Bradley is the author of The Fixer: My Adventures Saving Startups from Death by Politics, Obvious in Hindsight, and Vote with Your Phone: Why Mobile Voting Is Our Final Shot at Saving Democracy; writes a column for the New York Daily News; hosts a podcast called Firewall about the intersection of tech and politics; and is the cofounder of the Gotham Book Prize. He owns a bookstore, podcast studio, event space, and café called P&T Knitwear on Manhattan’s Lower East Side. He is also an adjunct professor at Columbia Business School.

Sasha Vasilyuk was born in the Soviet Crimea and spent her childhood between Ukraine and Russia before immigrating to San Francisco at the age of 13. She has a MA in Journalism from New York University, and her nonfiction has been published in The New York Times, Harper’s Bazaar, BBC, The Telegraph, Narrative, USA Today, Los Angeles Times, and elsewhere. She has won several awards, including the Solas Award for Best Travel Writing, NATJA award, and BAM/PFA Fellowship from UC Berkeley. She lives in San Francisco, California with her husband and children. 

A. R. Vishny was born and raised in Massachusetts but now calls New York City home. Her essays on Jewish representation in pop culture have appeared in Teen Vogue, the Washington Post, and Hey Alma. She earned a BA in English at the University of Massachusetts Amherst and a JD at the Benjamin N. Cardozo School of Law, where she was a Law and Literature fellow. When she’s not writing, she’s at the theater or else hunting for the perfect slice of cheesecake. 

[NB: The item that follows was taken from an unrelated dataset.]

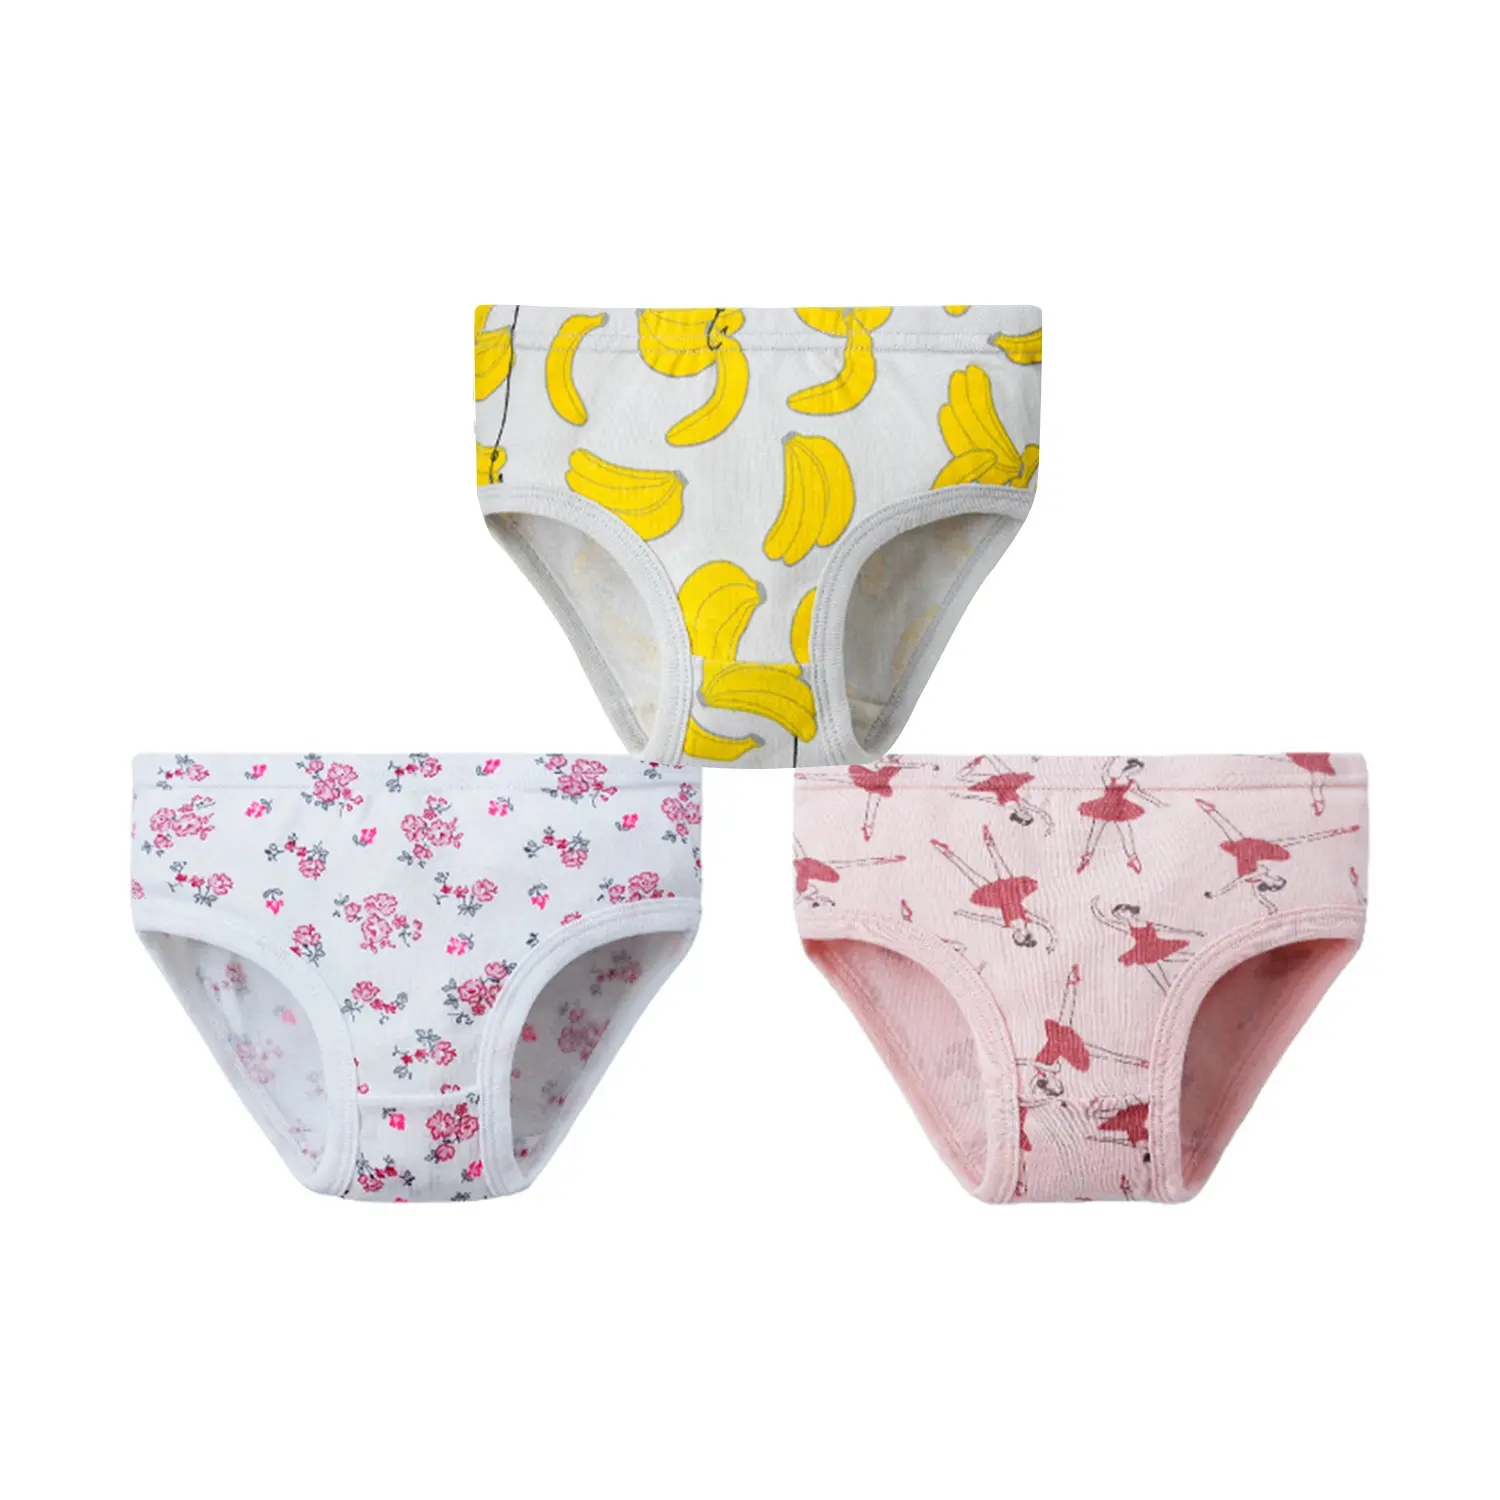 Wholesale/odm/oem Fancy Children Underwear Young Little Girl School Panties 100% Cotton Small Underwear for Girls Breathable
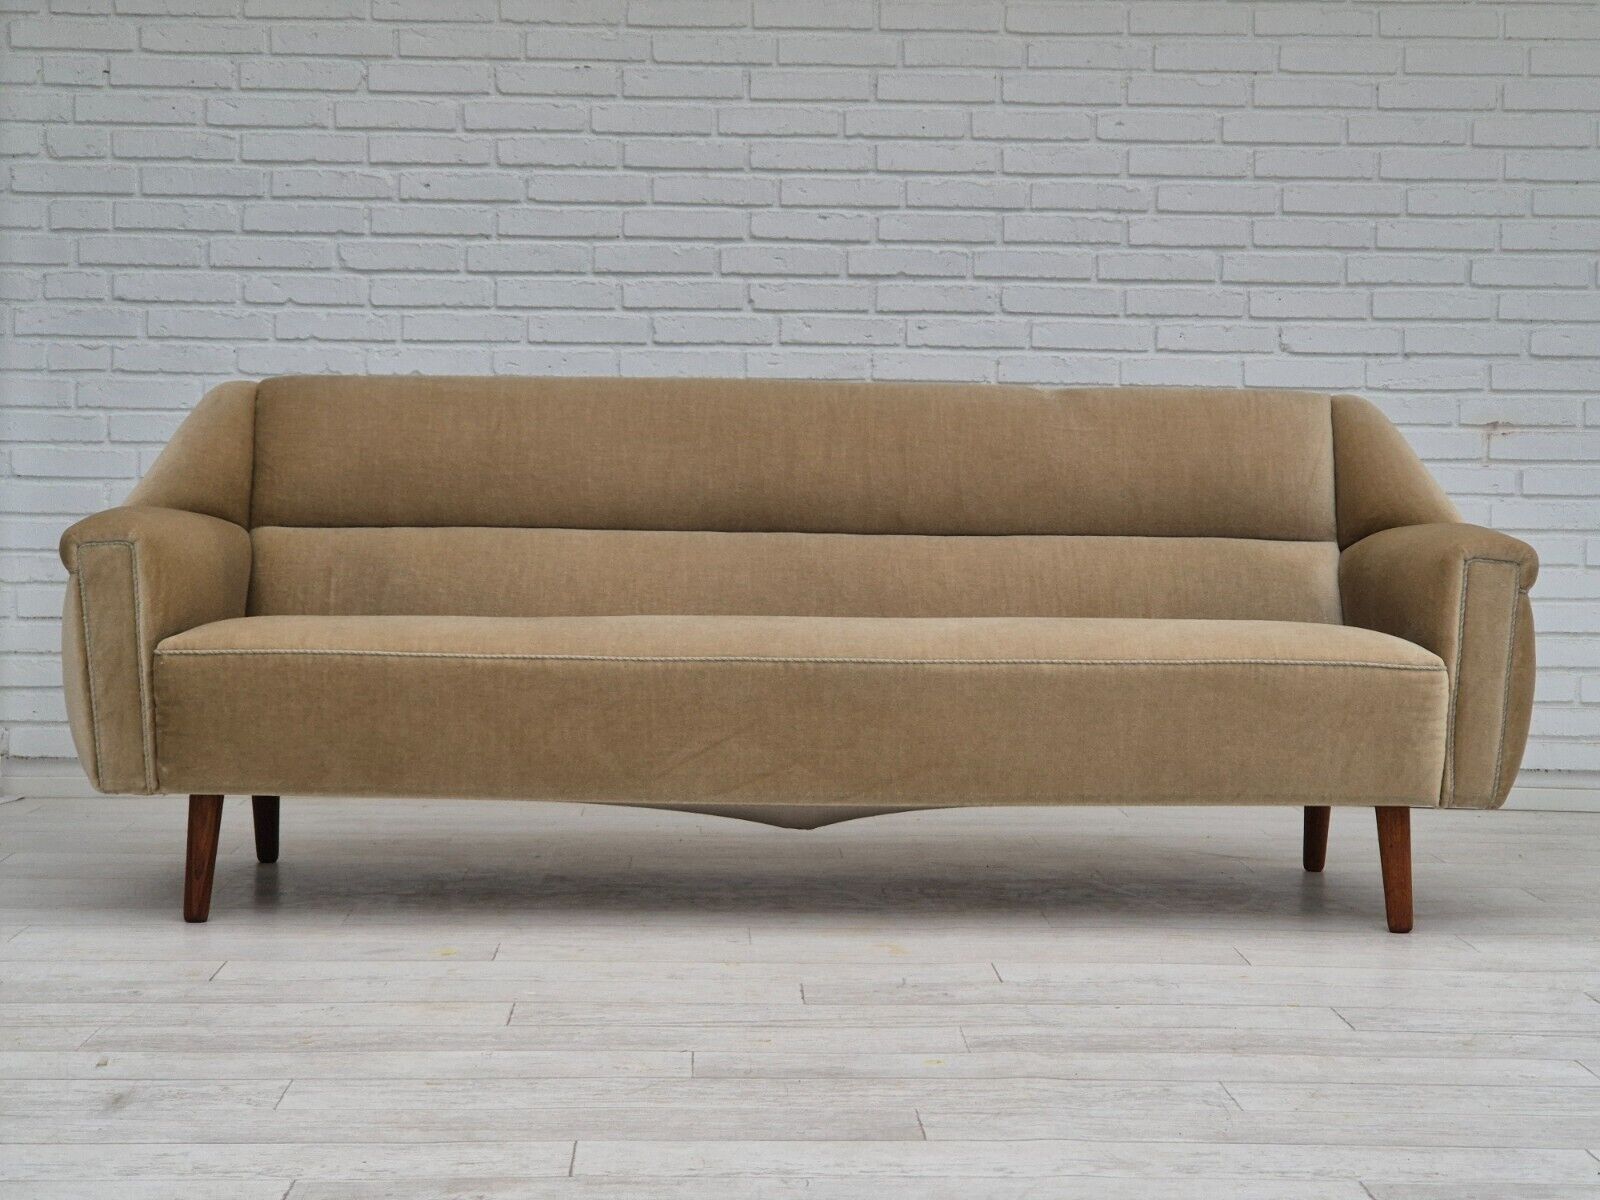 1960s Danish design by Kurt Østervig for Rolschau Møbler 3 seater sofa

Dr. Elizabeth “Barry” White recently retired from the United States Holocaust Memorial Museum, where she served as historian and as Research Director for the USHMM’s Center for the Prevention of Genocide. Prior to working for the USHMM, Barry spent a career at the US Department of Justice working on investigations and prosecutions of Nazi criminals and other human rights violators. She served as deputy director and chief historian of the Office of Special Investigations and as deputy chief and chief historian of the Human Rights and Special Prosecutions Section.  

Lior Zaltzman is an writer, cartoonist and the deputy managing editor of Kveller, where she writes about Jewish pop culture, lifestyle and current events, including stories the best Jewish romances to read if you miss “Bridgerton” or loved/hated “Nobody Wants This.” She recently helped launch Kveller’s Jewish TV Club, a bi-weekly newsletter full of exciting news about Israeli shows you might have missed and reflections about the bar mitzvah and “Fiddler on the Roof” episodes of your nostalgic favorites. She lives in New Jersey with her husband and two magical children.